▶ **WORK REQUIRED**
Look through the data below and output, unchanged, every line from the one holding "Toddler Baby Boys" through the one holding "Creator of Style", inclusive. Skip the pictures.

─── EXERCISE INPUTS ───

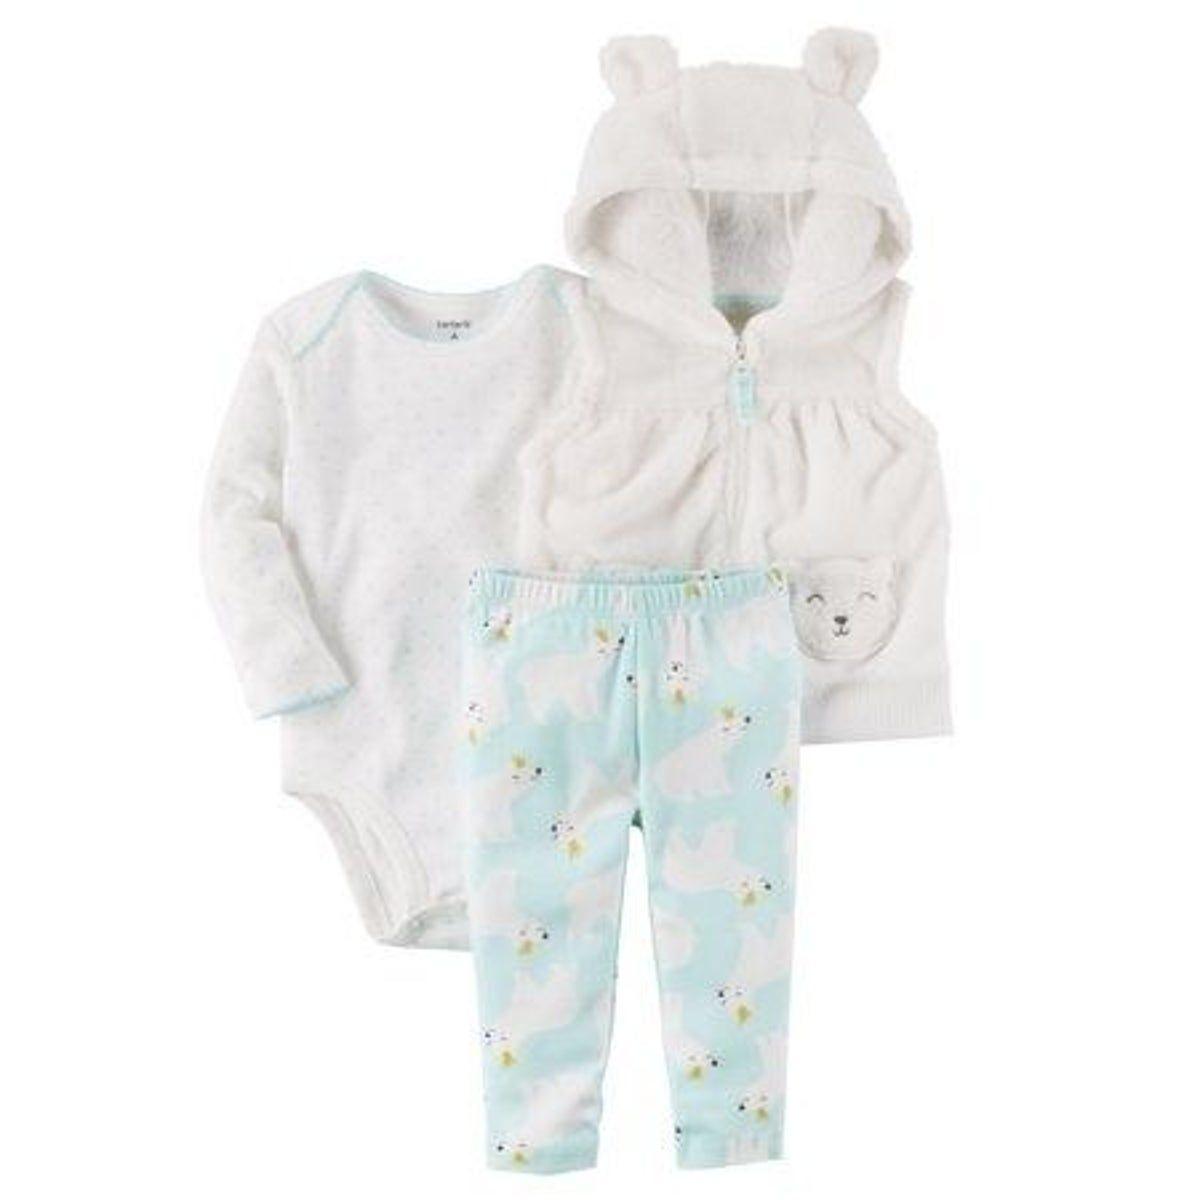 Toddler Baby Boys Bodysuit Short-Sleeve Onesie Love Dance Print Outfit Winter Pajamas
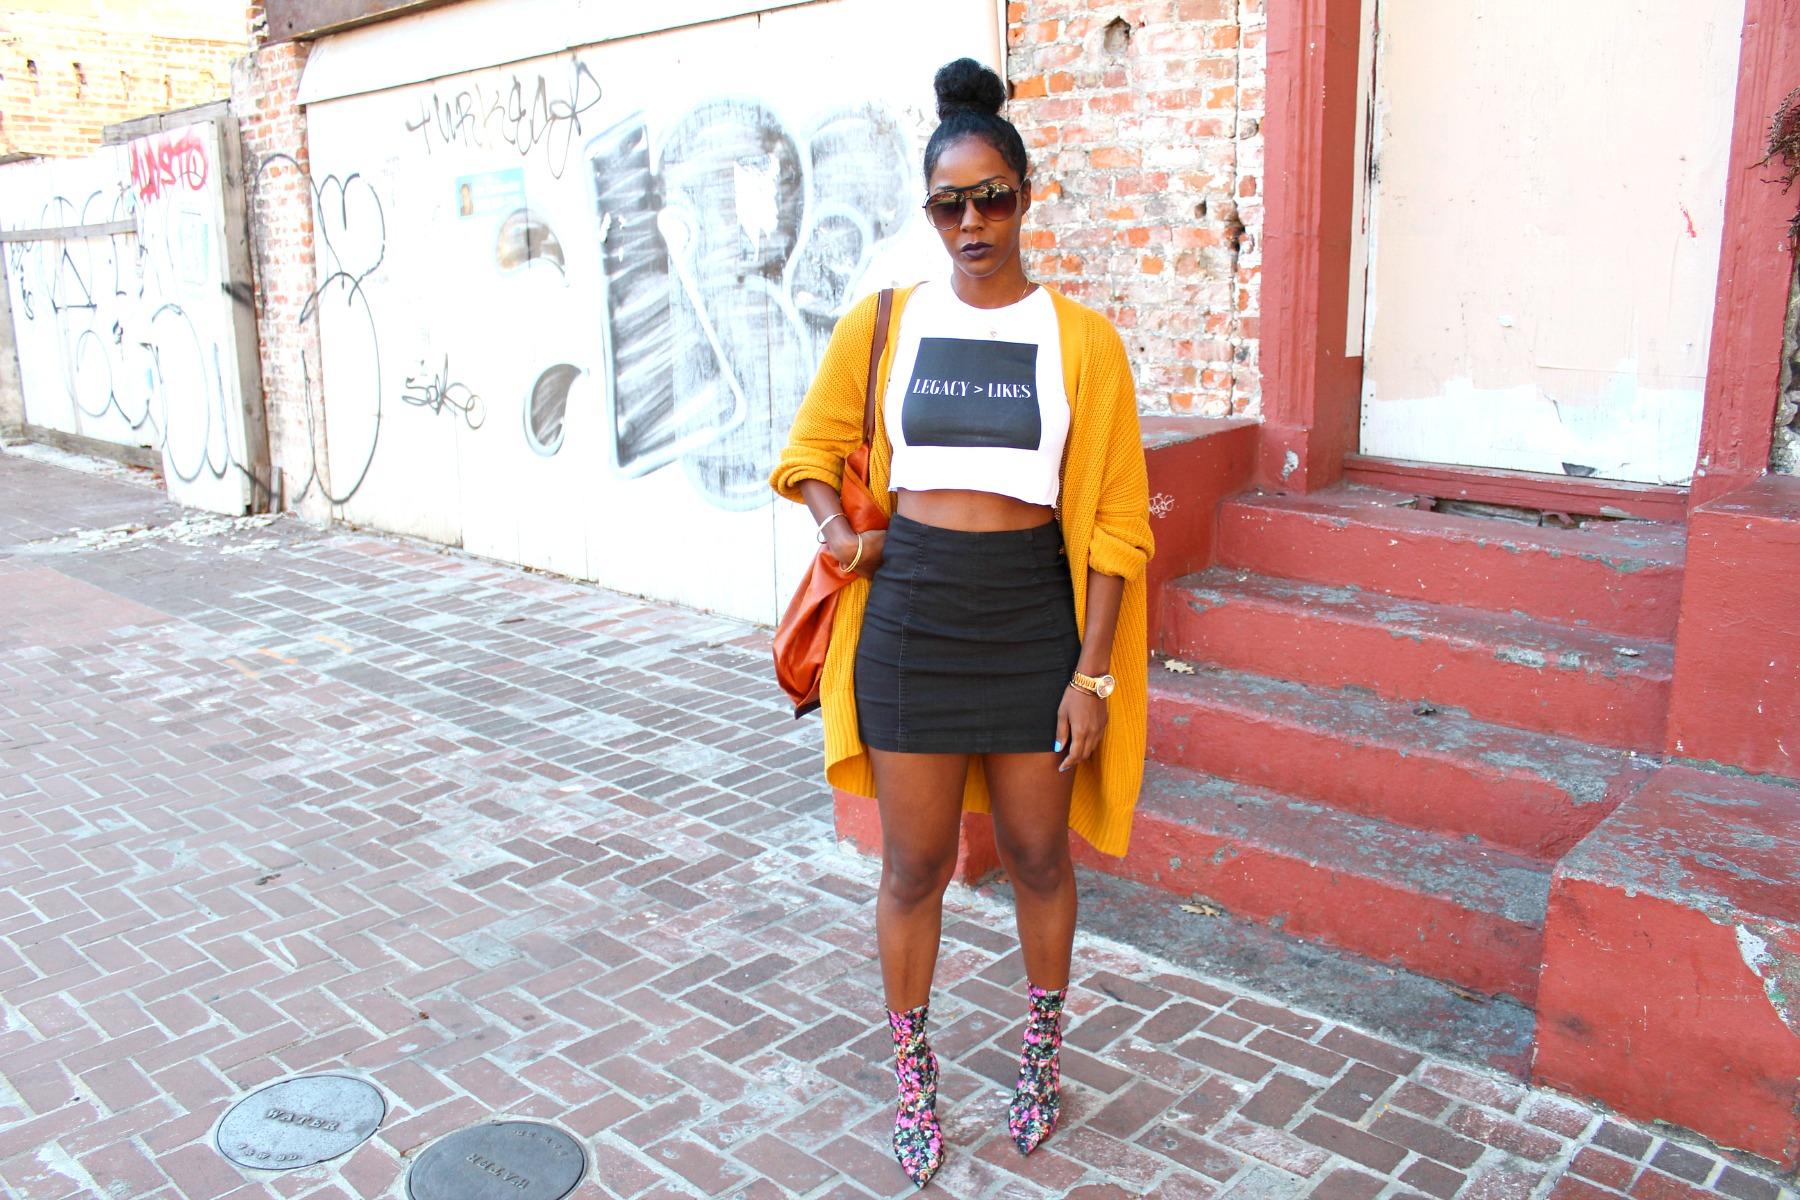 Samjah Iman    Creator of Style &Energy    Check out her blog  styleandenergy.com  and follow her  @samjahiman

───
─── EXERCISE INPUTS ───

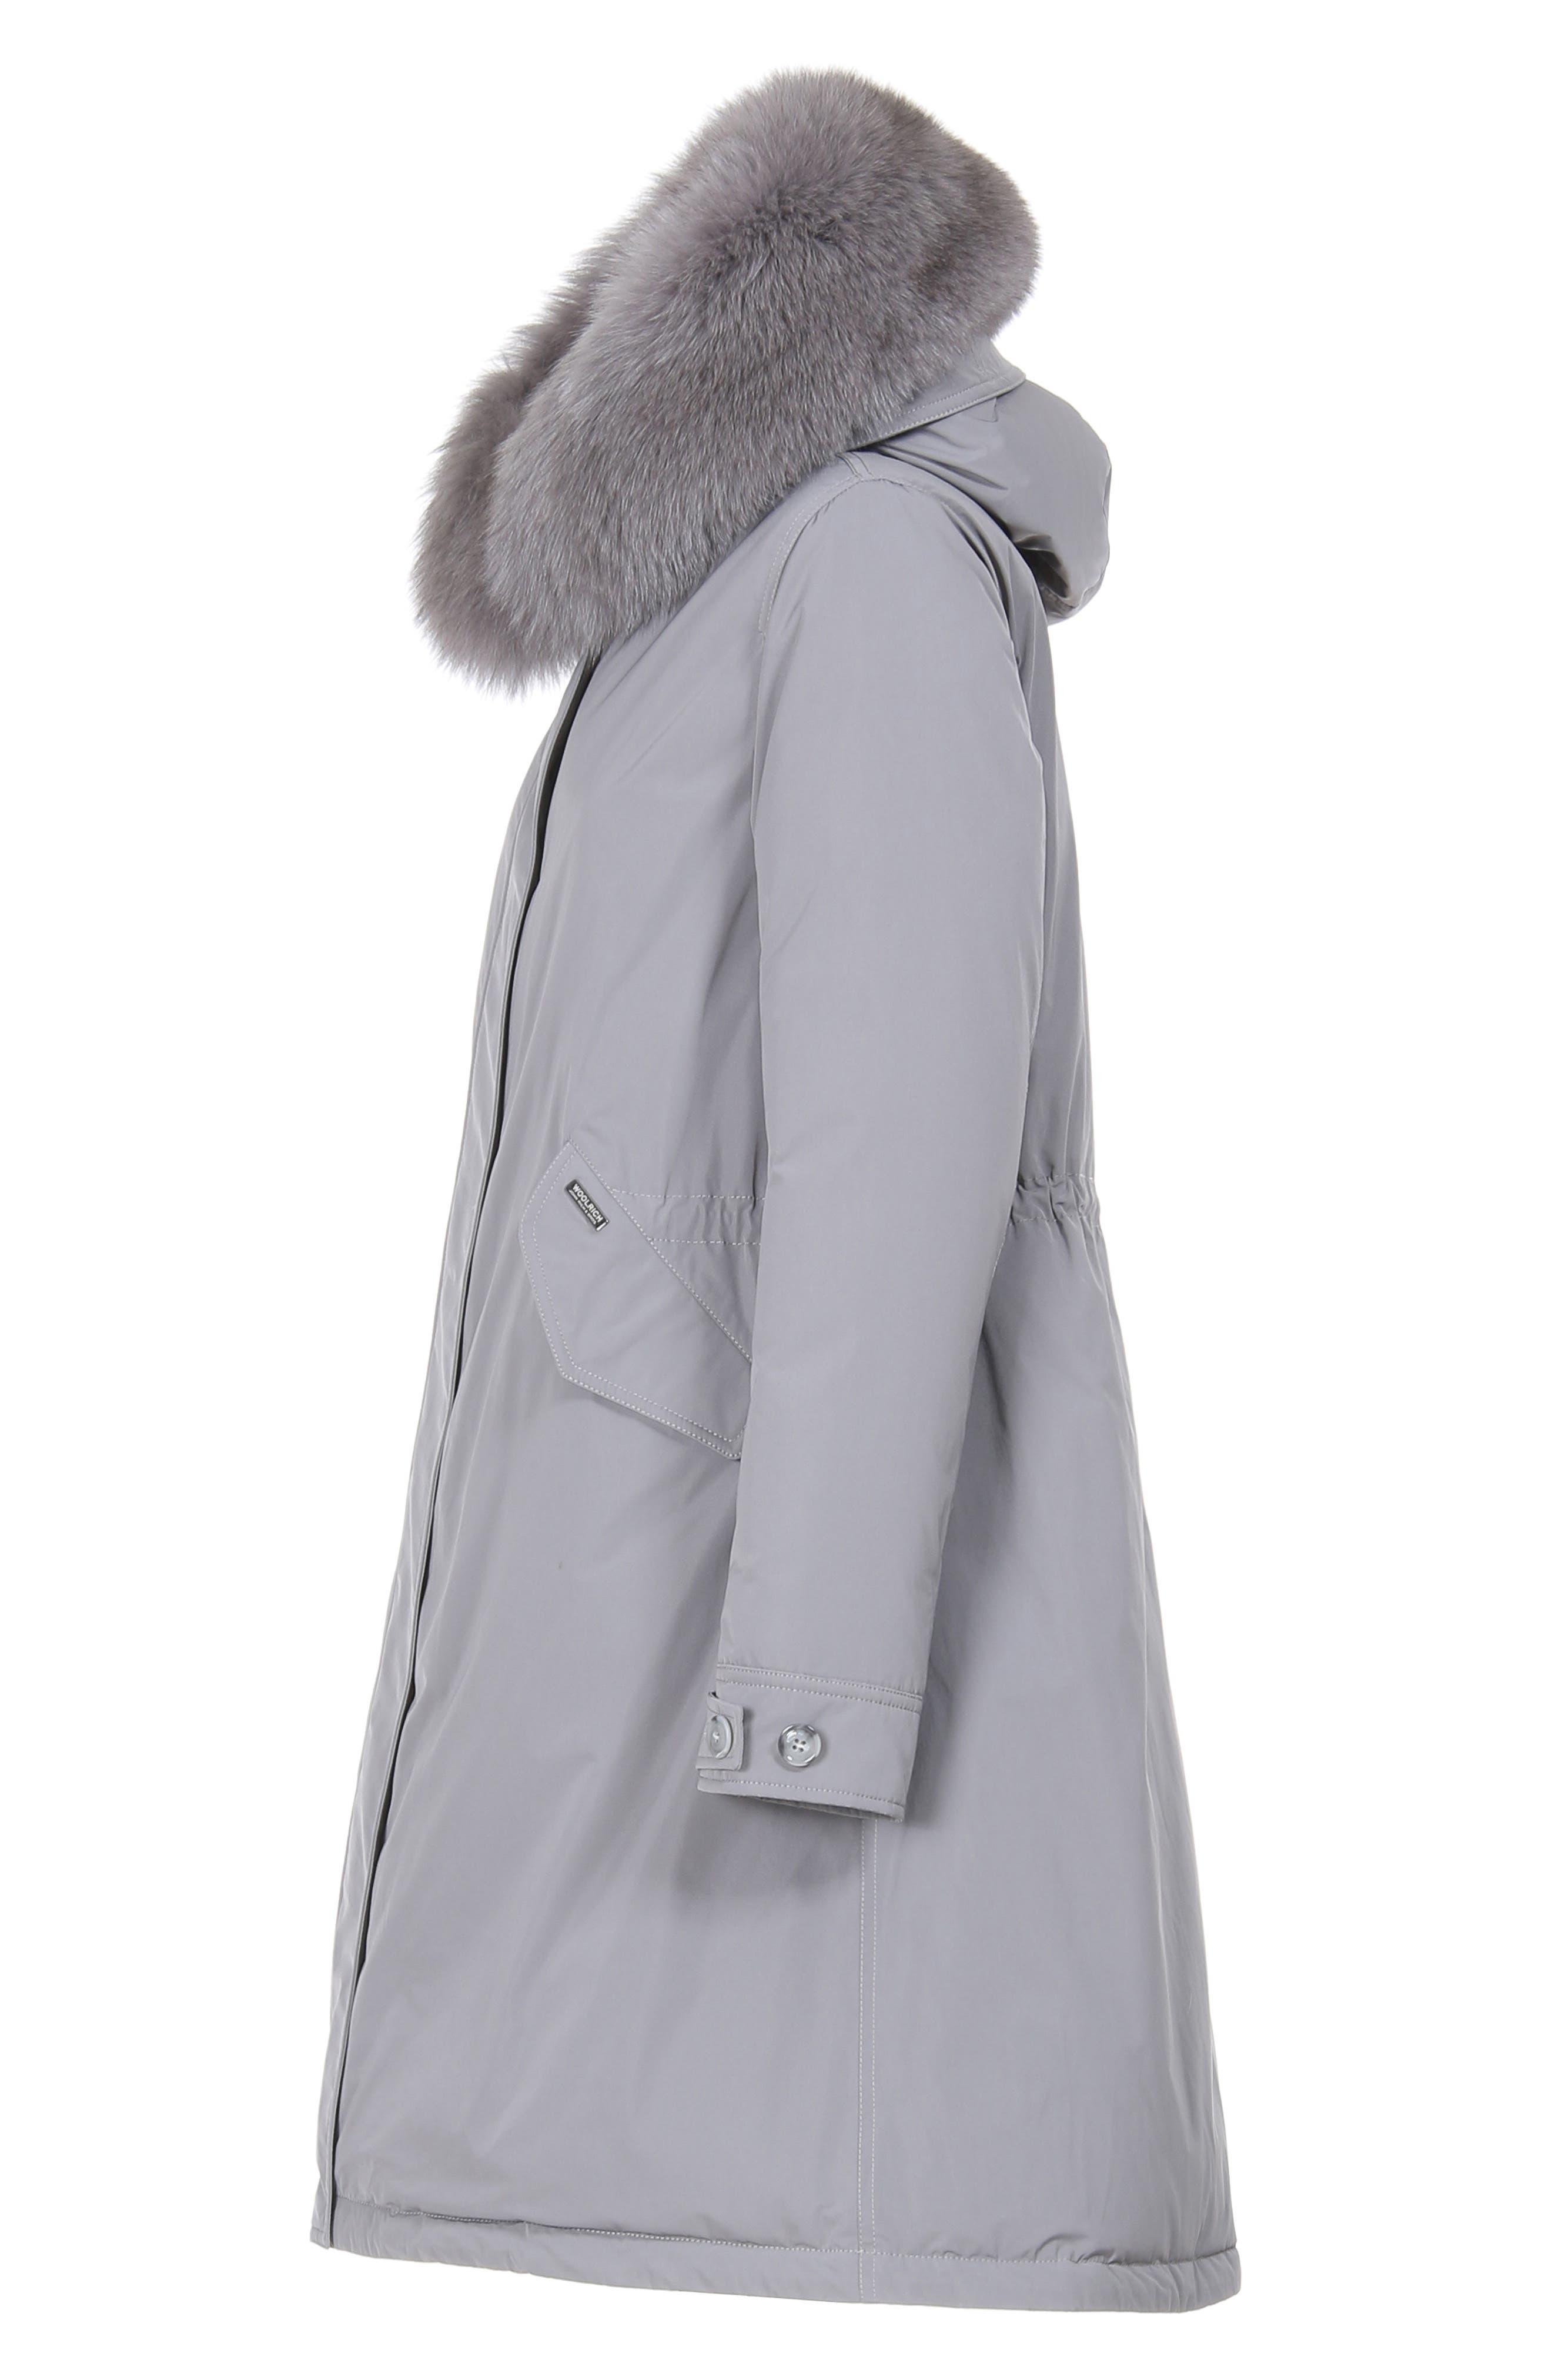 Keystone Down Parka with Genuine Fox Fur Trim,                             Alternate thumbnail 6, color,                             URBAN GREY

───

▶ **RESPONSE FOR THIS EXERCISE**
 Toddler Baby Boys Bodysuit Short-Sleeve Onesie Love Dance Print Outfit Winter Pajamas
 Samjah Iman    Creator of Style &Energy    Check out her blog  styleandenergy.com  and follow her  @samjahiman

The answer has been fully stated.